Therefore, conditioning on \{T\ge N\} in fact concentrates T on N+o(N). Whereas by contrast, when \mu=0, conditioning on \{T\ge N\} gives a nontrivial limit in distribution for T/N, supported on [1,\infty).

A related problem is the value taken by S_N, conditional on {T>N}. It’s a related problem because the event {T>N} depends only on the process up to time N, and so given the value of S_N, even with the conditioning, after time N, the process is just an unconditioned RW. This is a classic application of the Markov property, beloved in several guises by undergraduate probability exam designers.

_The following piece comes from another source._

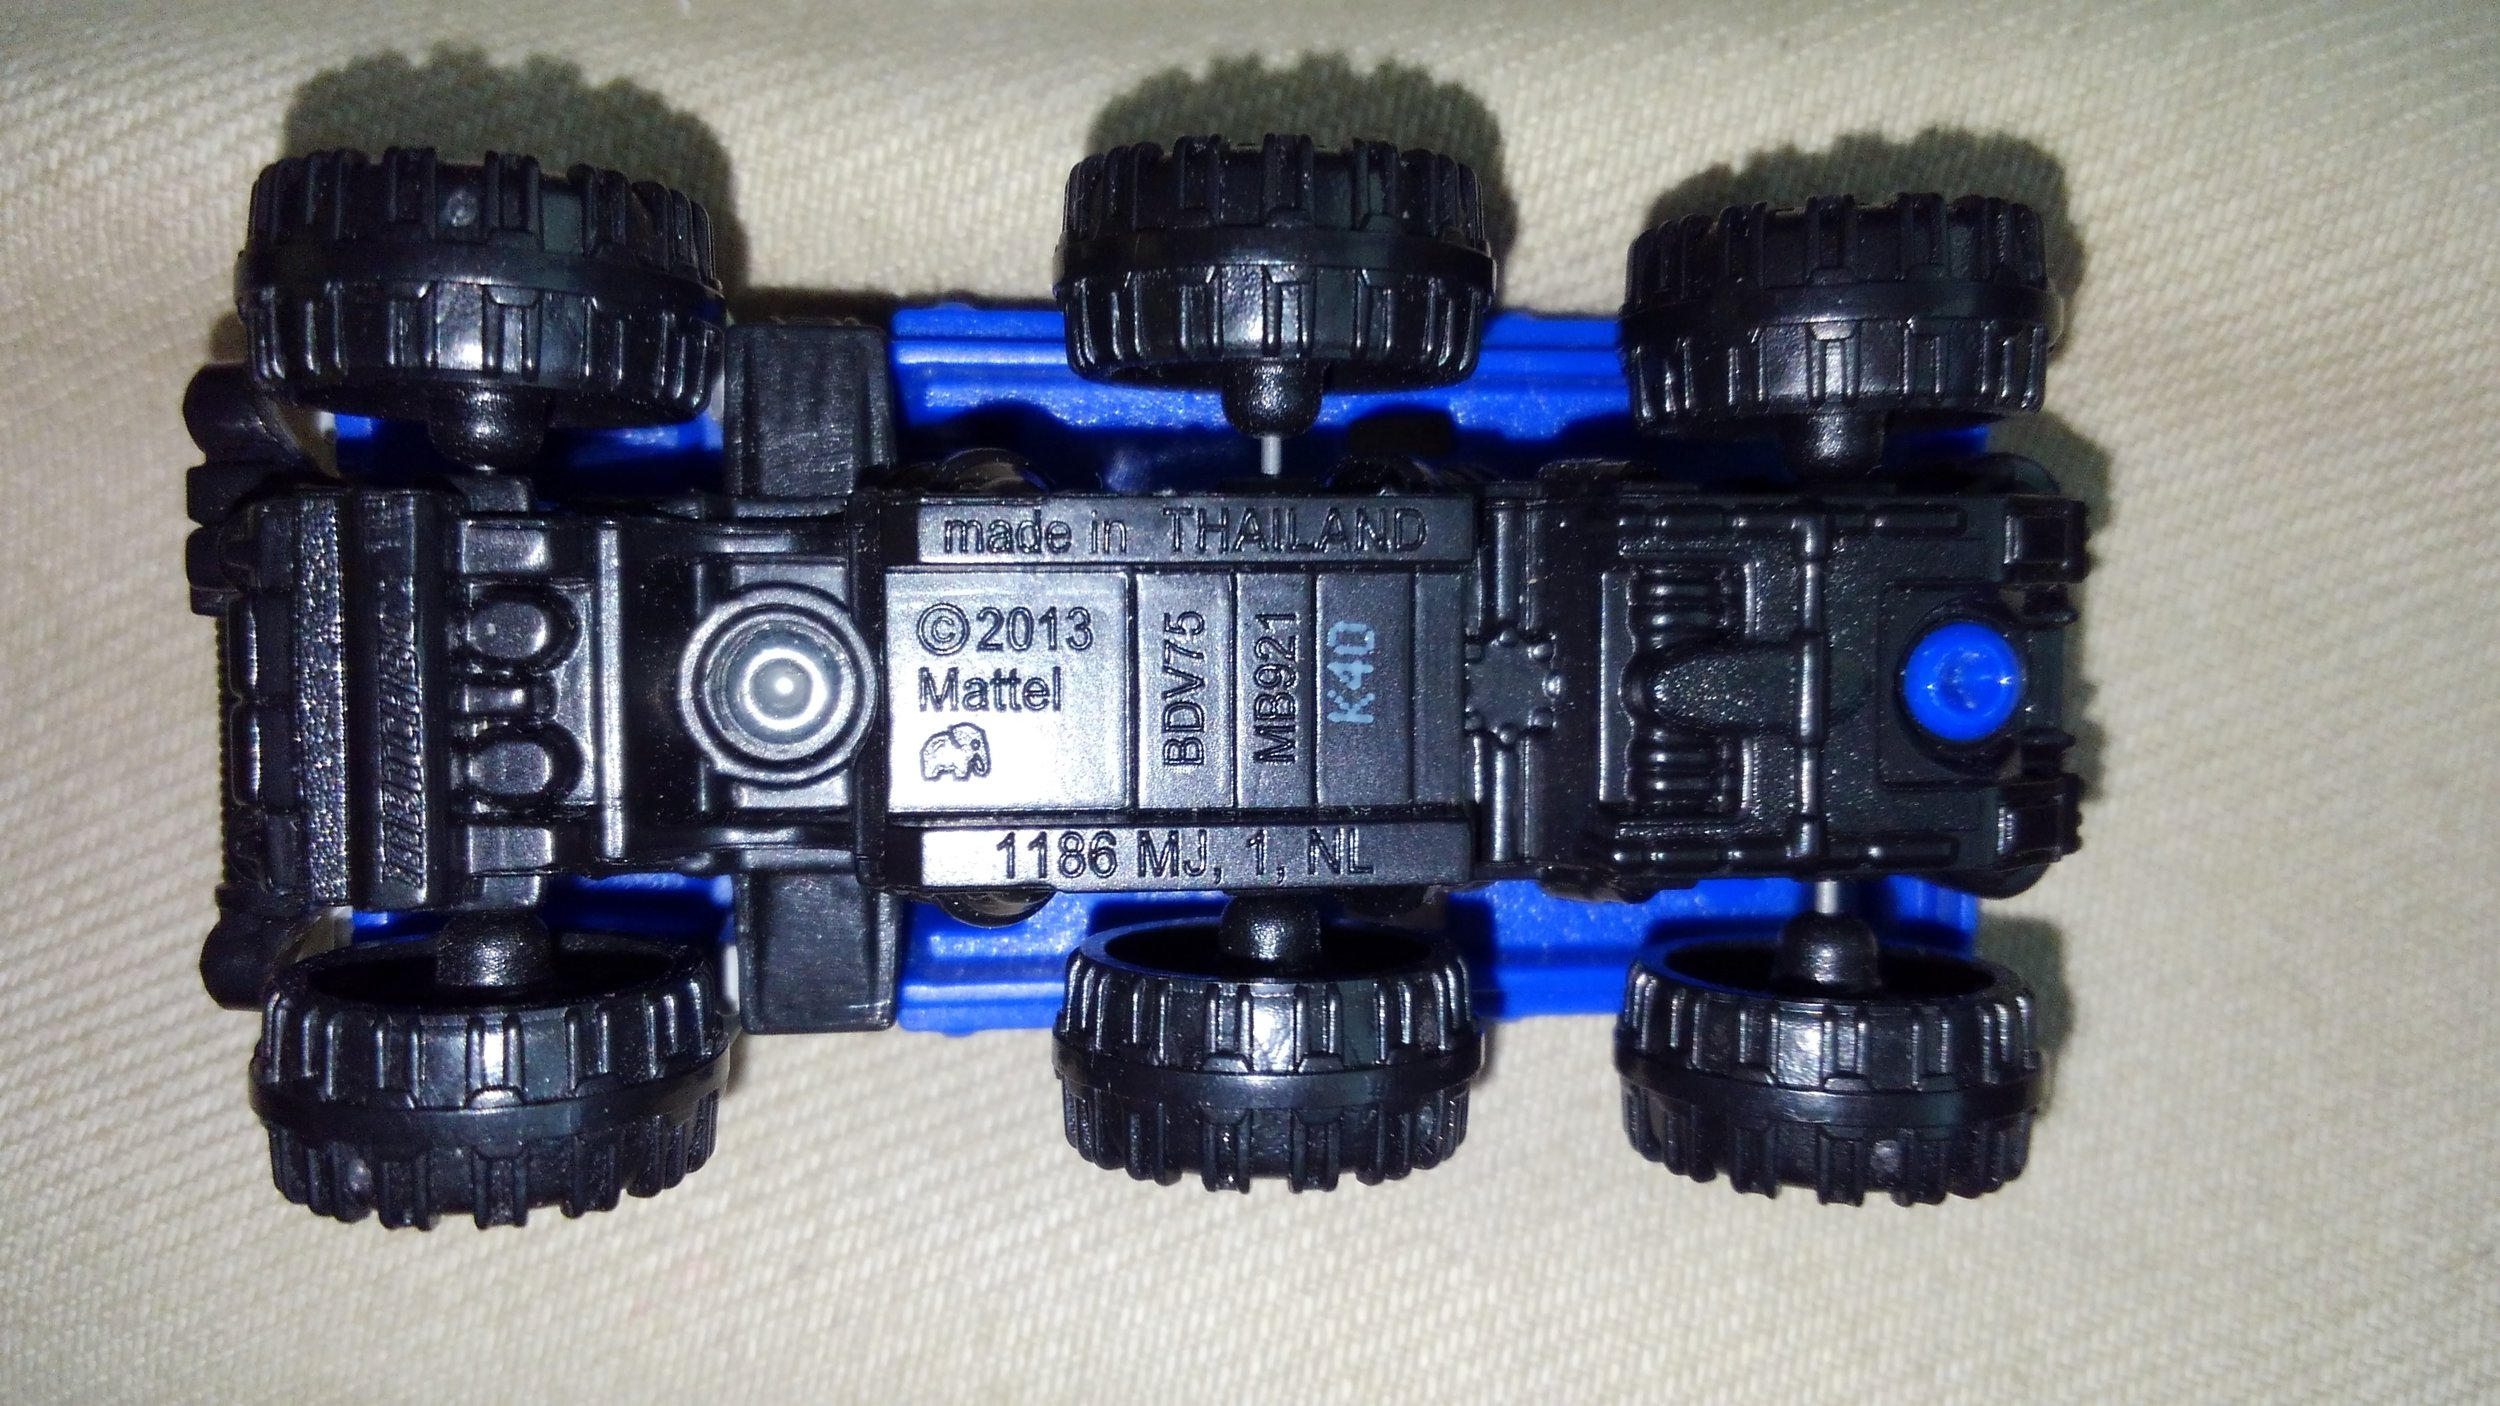 KIMG0223.JPG

Anyway, Iglehart [Ig2] shows an invariance principle for S_N | T>N when \mu<0, without scaling. That is S_N=\Theta(1), though the limiting distribution depends on the increment distribution in a sense that is best described through Laplace transforms. If we start a RW with negative drift from height O(1), then it hits zero in time O(1), so in fact this shows that conditonal on \{T\ge N\}, we have T= N +O(1) with high probability. When \mu=0, we have fluctuations on a scale \sqrt{N}, as shown earlier by Iglehart [Ig1]. Again, thinking about the central limit theorem, this fits the asymptotic description of T conditioned on T>N.

Conditioning on T=N

In the case \mu=0, conditioning on T=N gives

\left[\frac{1}{\sqrt{N}}S(\lfloor Nt\rfloor ) ,t\in[0,1] \right] \Rightarrow W^+(t), (*)

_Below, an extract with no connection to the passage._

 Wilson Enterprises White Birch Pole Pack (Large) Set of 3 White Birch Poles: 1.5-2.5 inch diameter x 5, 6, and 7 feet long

where W^+ is a standard Brownian excursion on [0,1]. This is shown roughly simultaneously in [Ka] and [DIM]. This is similar to Donsker’s theorem for the unconditioned random walk, which converges after rescaling to Brownian motion in this sense, or Brownian bridge if you condition on S_N=0. Skorohod’s proof for Brownian bridge [Sk] approximates the event \{S_N=0\} by \{S_N\in[-\epsilon \sqrt{N},+\epsilon \sqrt{N}]\}, since the probability of this event is bounded away from zero. Similarly, but with more technicalities, a proof of convergence conditional on T=N can approximate by \{S_m\ge 0, m\in[\delta N,(1-\delta)N], S_N\in [-\epsilon \sqrt{N},+\epsilon\sqrt{N}]\}. The technicalities here emerge since T, the first return time to zero, is not continuous as a function of continuous functions. (Imagine a sequence of processes f^N for which f^N(x)\ge 0 on [0,1] and f^N(\frac12)=\frac{1}{N}.)

Once you condition on T=N, the mean \mu doesn’t really matter for this scaling limit. That is, so long as variance is finite, for any \mu\in\mathbb{R}, the same result (*) holds, although a different proof is in general necessary. See [BD] and references for details. However, this is particularly clear in the case where the increments are Gaussian. In this setting, we don’t actually need to take a scaling limit. The distribution of Gaussian *random walk bridge* doesn’t depend on the mean of the increments. This is related to the fact that a linear transformation of a Gaussian is Gaussian, and can be seen by examining the joint density function directly.

Conditioning on T=\infty

When \mu>0, the event \{T=\infty\} occurs with positive probability, so it is well-defined to condition on it. When \mu\le 0, this is not the case, and so we have to be more careful.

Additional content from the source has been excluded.